Не будь этого угадывания – мог бы Габдулла Тукай, классик татарской литературы, в марте 1911 г. говорить о своей заветной мечте, связывая её с пушкинским словом: «…на татарском, в татарском духе, с татарскими героями, хочу создать своего «Евгения Онегина»?
Не будь этого угадывания – мог бы Р. Гамзатов признаться в том, что «русскую литературу мы воспринимали как собственную», Пушкина как аварского поэта и вообще «Кавказ пленила пушкинская Русь»? Никому, даже бдительному идеологическому отделу обкома КПСС, не пришло в голову указать и поправить: партийные функционеры понимали, что такого рода признание делается не ради красного словца. Оно свидетельствовало о чём-то более значительном – об осознанности вхождения в цивилизационное пространство России, которая покоряла явлением Пушкина и Лермонтова, посылала академические экспедиции для изучения «сурового края свободы», создавала Азиатский музей и Институт восточных рукописей, грамматики и словари по местным языкам, обучала юных горцев в Ставропольской и других гимназиях…

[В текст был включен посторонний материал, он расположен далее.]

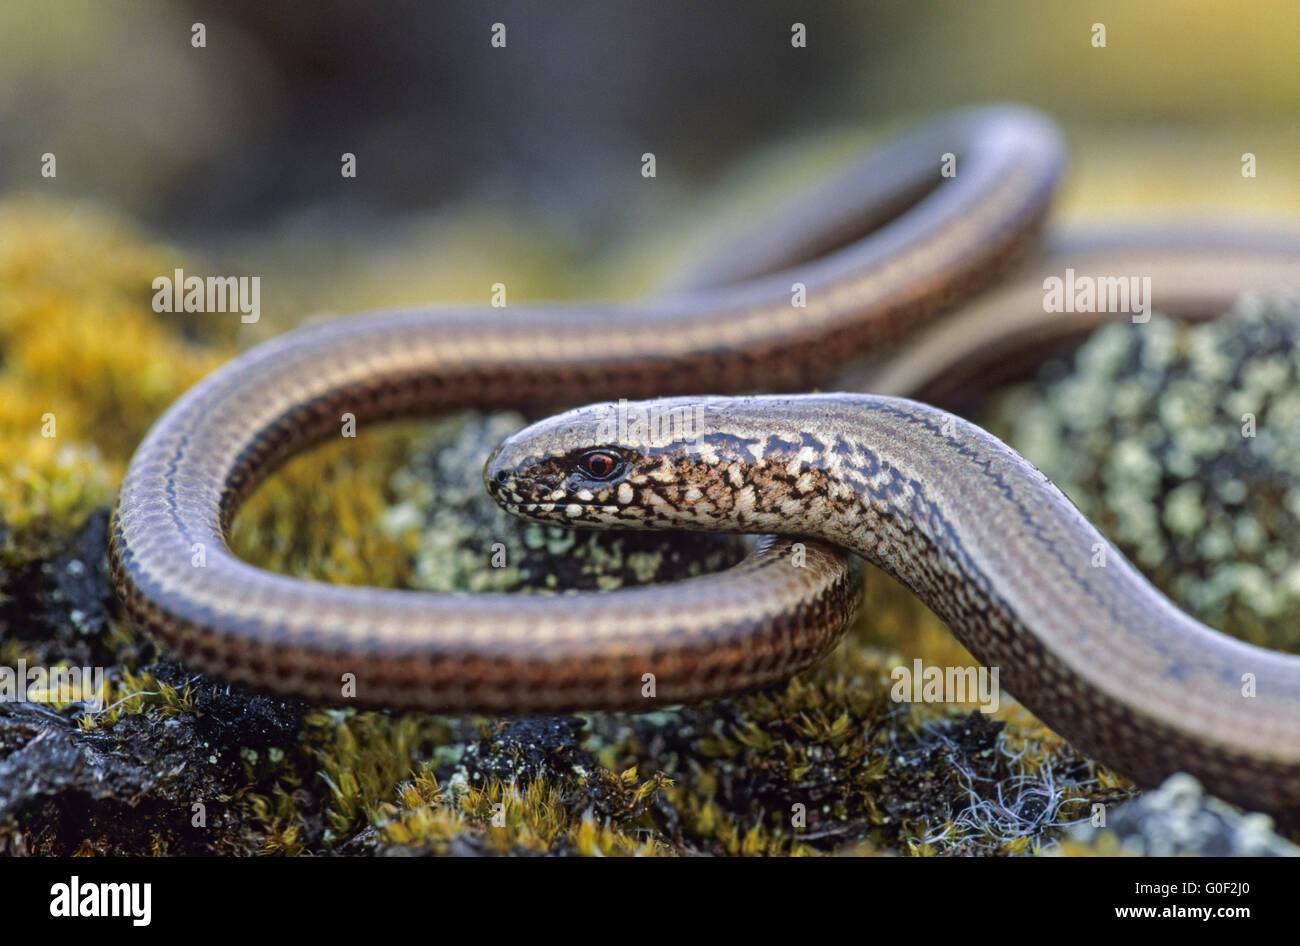 Slow Worm grow to be about 45cm long Stock Photo
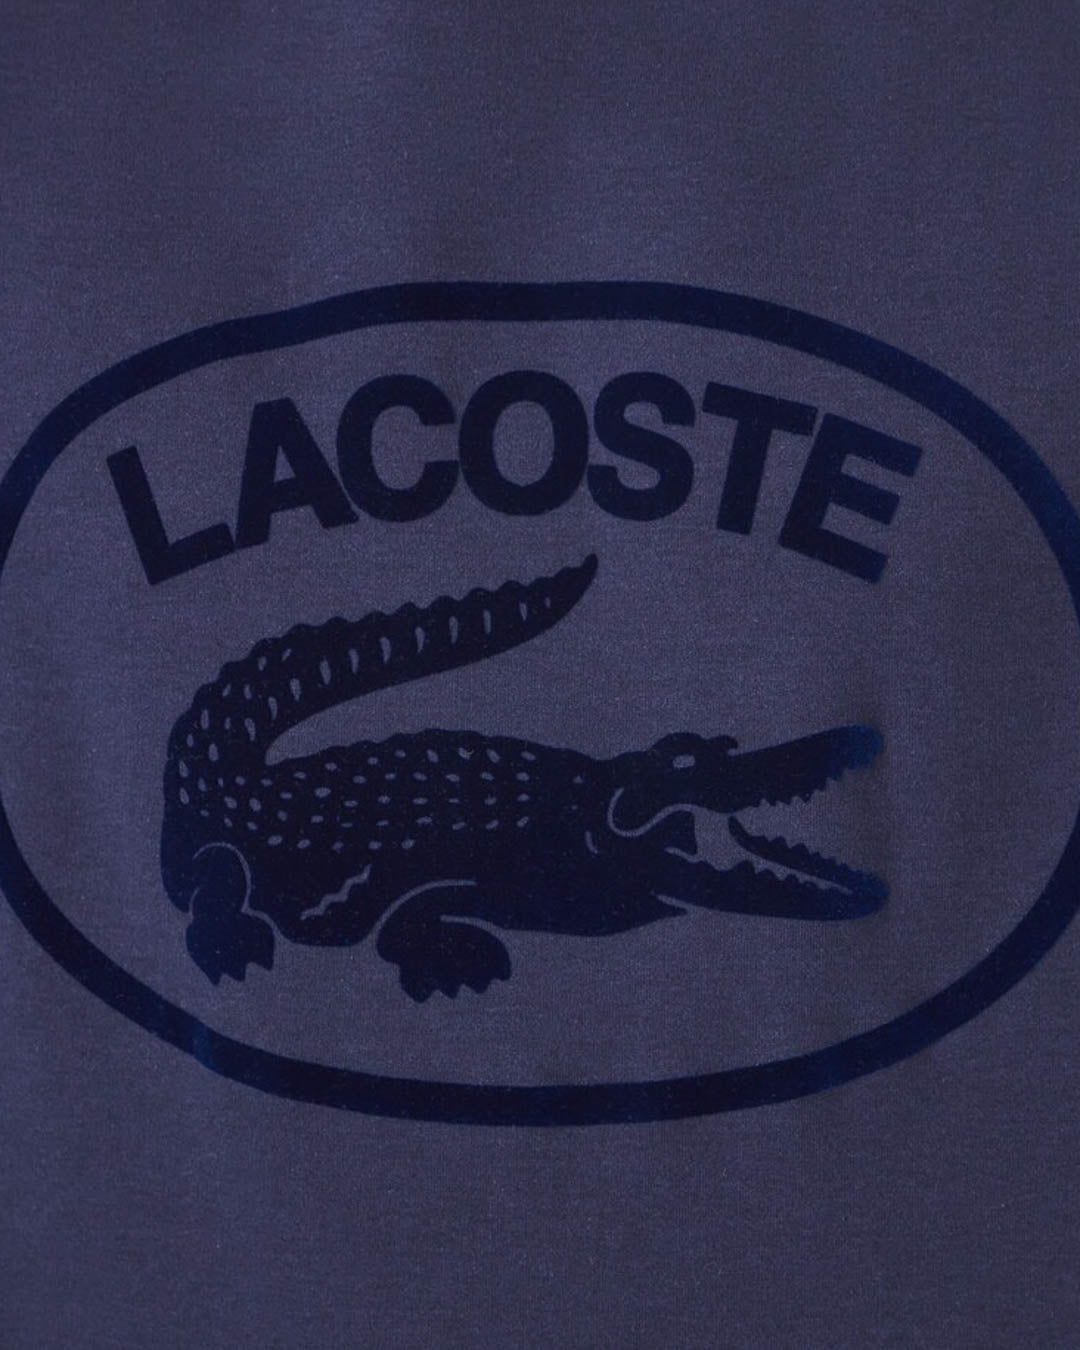 Lacoste Herre Relaxed Fit tone-i-tone mærket bomuld T-shirt

Почти через сто лет после выхода пушкинского «Современника» на трибуну Первого съезда советских писателей вышел один из его участников в явно неевропейской одежде, чтобы поразить всех певучей речью в стихах и постукиванием по папахе, как по бубну. «На меня, – признался М. Горький в заключительной речи, – произвёл потрясающее впечатление ашуг Сулейман Стальский», который «сидя в президиуме, шептал, создавая свои стихи, затем он, Гомер XX века, изумительно прочёл их ( аплодисменты )».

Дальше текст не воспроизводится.